All statistical analyses were performed using SPSS 23.0 for Window (IBM Corp., 2015, Chicago, IL, USA). To compare characteristics between the CA-, HCA-, and HA-BSI groups, a Student’s t-test or Mann–Whitney test was used to compare continuous variables of two groups, and a one-way analysis of variance (ANOVA) or Kruskal–Wallis test was used to compare continuous variables of multiple groups. Categorical variables were compared by using the chi-square test or Fisher’s exact test. For post hoc analysis for multiple comparison, the Bonferroni method was used. All P values were two-tailed, and P values < 0.05 were considered statistically significant.

Study population

During the study period, a total of 1849 patients died. There were 331 patients with positive blood culture during the 2-weeks prior to death. After excluding two patients under 18 years of age and 49 patients with contaminated blood cultures, 280 (15.1%) patients were included in this study. The mean age of the study population was 69.92 years, and the ratio of males to females was 3:2. Seventy-one (25.4%), 53 (18.9%), and 156 (55.7%) patients were classified as CA-, HCA- and HA-BSI acquired infection, respectively. Whereas liver disease was more frequently observed in the CA-BSI group, cardiovascular disease was more frequently observed in the HA-BSI group. Malignancy and prior antibiotic use were more frequently observed in HCA- and HA-BSI groups than in the CA-BSI group (Table 1).

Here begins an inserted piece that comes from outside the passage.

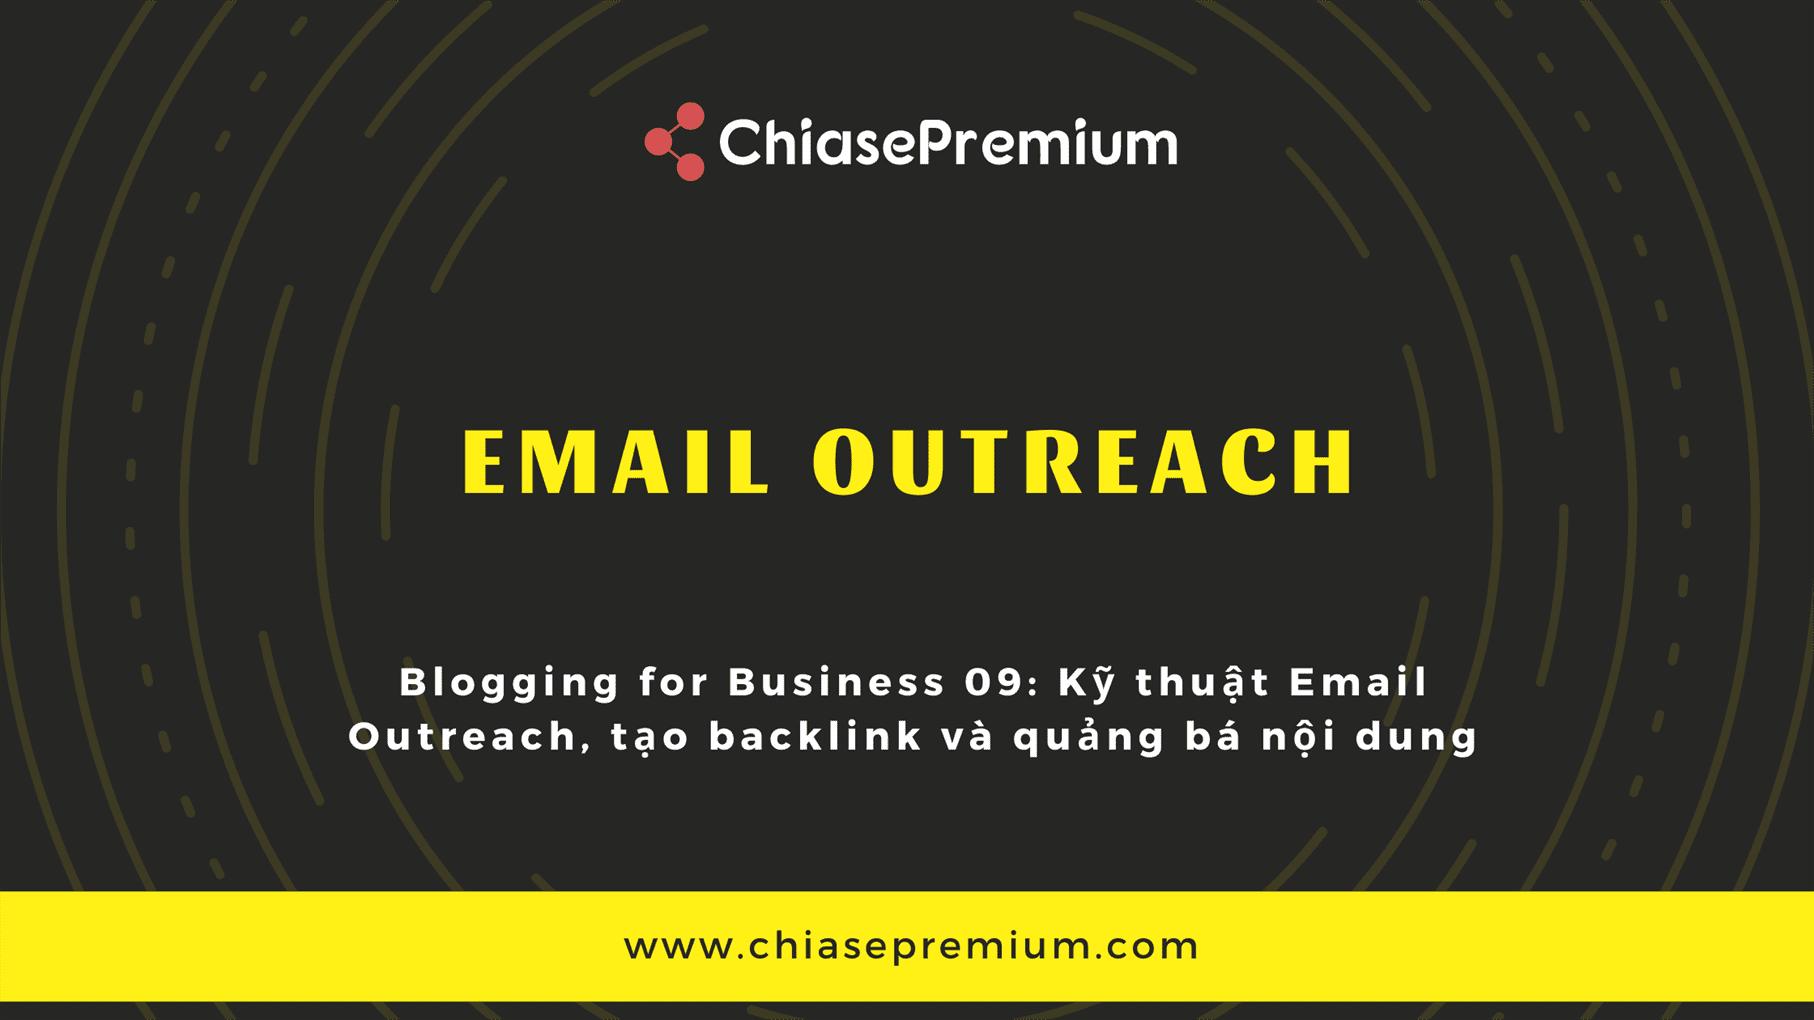 Blogging for Business 09: Kỹ thuật Email Outreach, tạo backlink và quảng bá nội dung

Species of isolated pathogens

A total of 316 pathogens were isolated from blood culture, and 74 (23.4%), 58 (18.4%) and 184 (58.2%) pathogens were identified from the CA-, HCA- and HA-BSI groups, respectively. Of the 280 patients, 34 patients experienced polymicrobial BSI in single BSI event or more than 2 consecutive BSI events, of which the HA-BSI group accounted for ~ 75% (26/34).

The five most common pathogens were Klebsiella pneumonia (17.1%), Escherichia coli (16.4%), Staphylococcus aureus (11.4%), Acinetobacter baumannii (10.8%), and Candida species (9.2%). The commonest pathogen in CA-, HCA-, and HA-BSI groups were E. coli, K. pneumoniae and A. baumannii (Table 2). Common isolated pathogens from each hospital were relatively similar and are described in Additional file 1: Tables S1 and S2. No difference in patient age was observed among the pathogen groups (Additional file 1: Table S3).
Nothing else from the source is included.